Immunoprecipitation Assays
Anti-FLAG antibody (Clone M2, Sigma-Aldrich) was coupled to Dynabeads M-270 epoxy (Life Technologies) at the concentration of 10 μg of antibody per mg of beads. RBM39 (GenBank: NM_184234.2) and RBM23 (GenBank: NM_018107.4) sequences were cloned into the pcDNA3.1+ vector and tagged with a C-terminal HA tag. 293T cells were seeded in 6-well plates at a density of 0.3 million cells per well, and allowed to attach overnight. For each well, transfection complexes were prepared by combining 200 μL Opti-MEM, 3 μL TransIT LT1 (Mirus), and 1 μg DNA (200 ng pcDNA3-RBM23-HA or pcDNA3-RBM39-HA, 400 ng pcDNA3-DCAF15–3xFLAG, 350 ng pcDNA3–3xFLAG, and 50 ng pmaxGFP). Forty-eight hours after transfection, cells were treated with 1 μM MLN-4924 for 2 hr followed by 10 μM indisulam for 4 hr. Cell pellets were collected, washed with PBS, and resuspended in immunoprecipitation (IP) buffer containing 50 mM NaCl, 50 mM NaPO4, 50 mM sodium citrate, 20 mM HEPES pH 7.4, 0.1% Tween, and 1 3 SigmaFAST protease inhibitor (Sigma-Aldrich). Lysates were centrifuged at 12000 rpm for 10 min at 4°C. Clarified lysates were incubated with 1.5 mg of anti-FLAG magnetic beads for 1 min at 4°C with rotation. Beads were washed three times with IP buffer, followed by elution with 1 mg/ml 3xFLAG peptide (Sigma-Aldrich). Inputs and eluates were analyzed by SDS-PAGE and western blot analysis using FLAG-HRP (1:3000, Clone M2, Sigma-Aldrich) and HA-HRP (1:3000, Clone 6E2, Cell Signaling Technology) antibodies.
TR-FRET Assay
TR-FRET reactions were performed in triplicate in a 384-well plate at a final volume of 10 μL/well. Final assay concentrations were the following: 5 ng/μL anti-FLAG M2-XL665 (CisBio), 1 nM anti-6xHis LANCE Eu-W1024 (Perkin Elmer), 0.1 μM RBM39250–330-3xFLAG or RBM23210–330-3xFLAG protein, and 0.1 μM His-DCAF15/DDB1/DDA1 complex. Reactions were carried out in 25 mM HEPES pH 7.4, 100 mM NaCl, 0.1 mg/ml BSA, 0.005% Tween, and 0.5 mM TCEP. Samples were treated with DMSO or indisulam, incubated 5 min at room temperature, and read using a Cytation 5 instrument (Biotek). The Eu-labeled donor was excited at 360 nm, and its emission was monitored at 620 nm. Emission of the XL665-labeled acceptor was monitored at 665 nm. The TR-FRET ratio was calculated as the signal at 665 nm divided by the signal at 620 nm, and plotted as the mean ± SEM. The EC50 was calculated from a four parameter dose-response curve generated with the Prism 8 software package.

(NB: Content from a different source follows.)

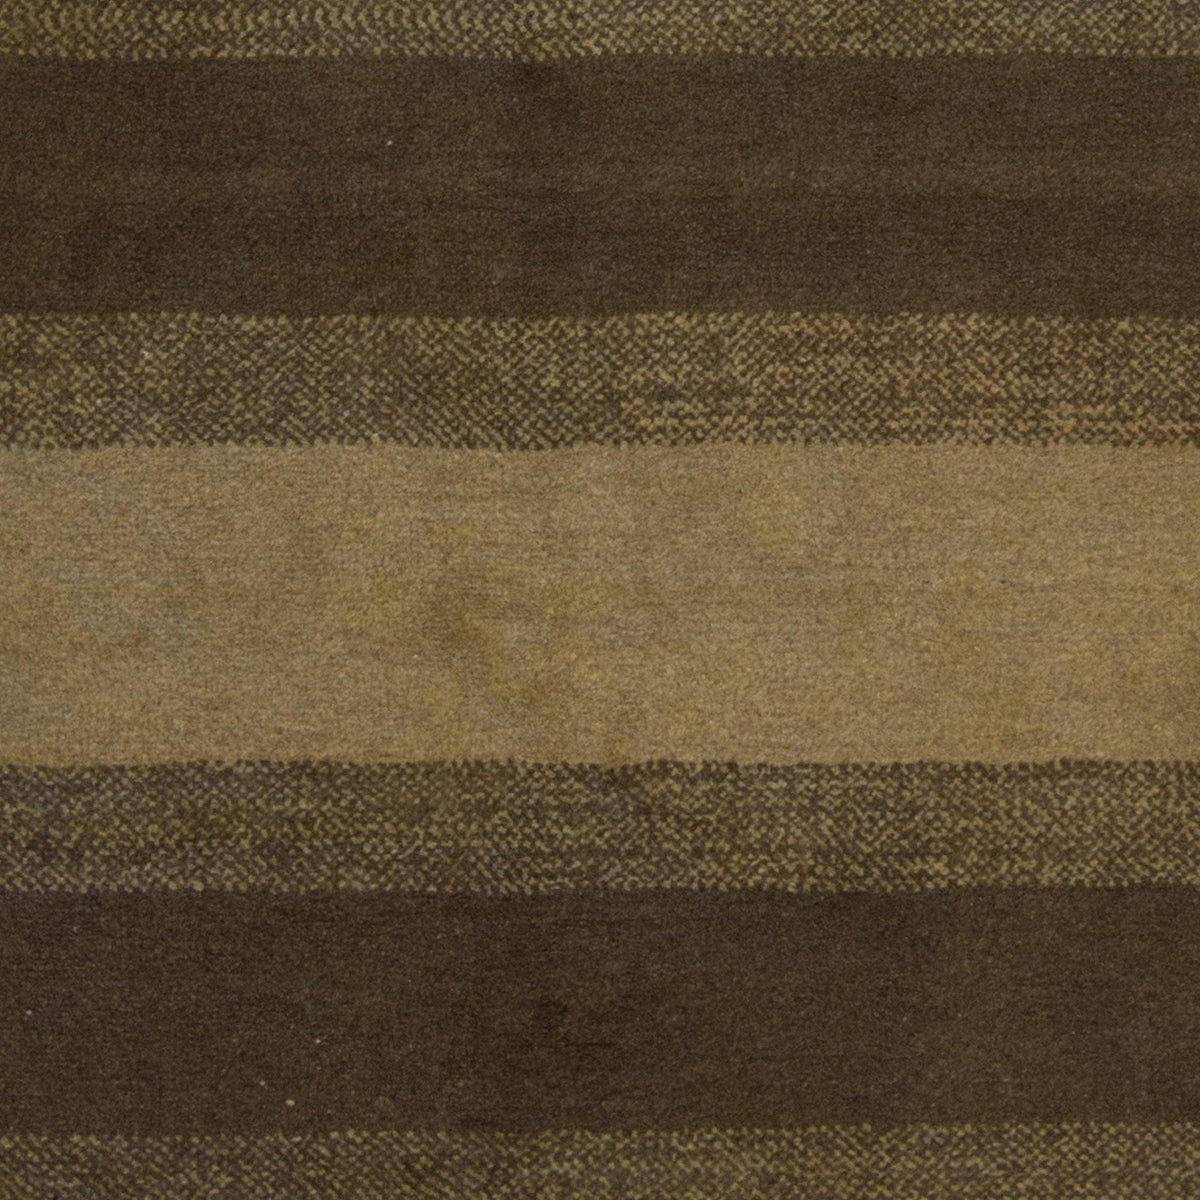 Hand-knotted 100% Wool Persian Gabbeh Rug 105cm x 142cm

Error-Prone PCR Mutagenesis Screen
DCAF15 (GenBank: NM_138353) was amplified from a plasmid using Taq polymerase (NEB), which lacks proofreading activity. DCAF15 was amplified by PCR in a 50 μl reaction with 10 ng of plasmid template, 200 μM dNTP and 20 μM of primers using the following cycling conditions: 95°C for 30 s, 59°C for 1 minute, and 72°C for 30 s for 25 cycles followed by a 72°C 3 min extension cycle. These conditions were predicted to yield one mutation per DCAF15 ORF. PCR primers were the following: 5′TCTACTAGAGG ATCTATTTCCGGTGNNNNNNGCCGCCatggcgcccagc3′ and 5′ AGGGGGGGGGGAGGGAGAGGGGCGGTTACTTGTACAG 3′. Of note, the forward primer contained a NNNNNN which could be used as a barcode sequence, if necessary. The resulting PCR product was cloned using Gibson assembly to yield approximately 55,000 colonies. A plasmid prep representing the DCAF15 mutant library was used to generate lentivirus. 7.5 million cells were infected with the resulting lentivirus at a multiplicity of infection (MOI) of 0.20 to yield 1.5 million infected cells. 200,000 cells were sorted by FACS for a narrow, average intensity of GFP fluorescence. After expansion, 350,000 cells were plated on a 10 cm dish and treated with either DMSO or 10 μM indisulam with media and compound changes every three days. Nine million cells were collected after 6 days of incubation for the DMSO condition. Eleven million cells were collected from the indisulam condition 16 days after starting treatment. DCAF15 derived from the plasmid was amplified from genomic DNA using Herculase polymerase (Agilent) in 96 50-μl reactions, each with 100 ng of genomic DNA for 27 cycles (DMSO condition) and 30 cycles (Indisulam condition) using the following primers: 5′ CGTTTAGTGAACCGTCAGATCGCCTGGAGA 3′ and 5′ CAGCAGGCTGAAGTTAGTAGCTCCGCTTC 3′. The PCR product was purified using the Clontech nucleospin kit, and the amplicon was used for next generation sequencing.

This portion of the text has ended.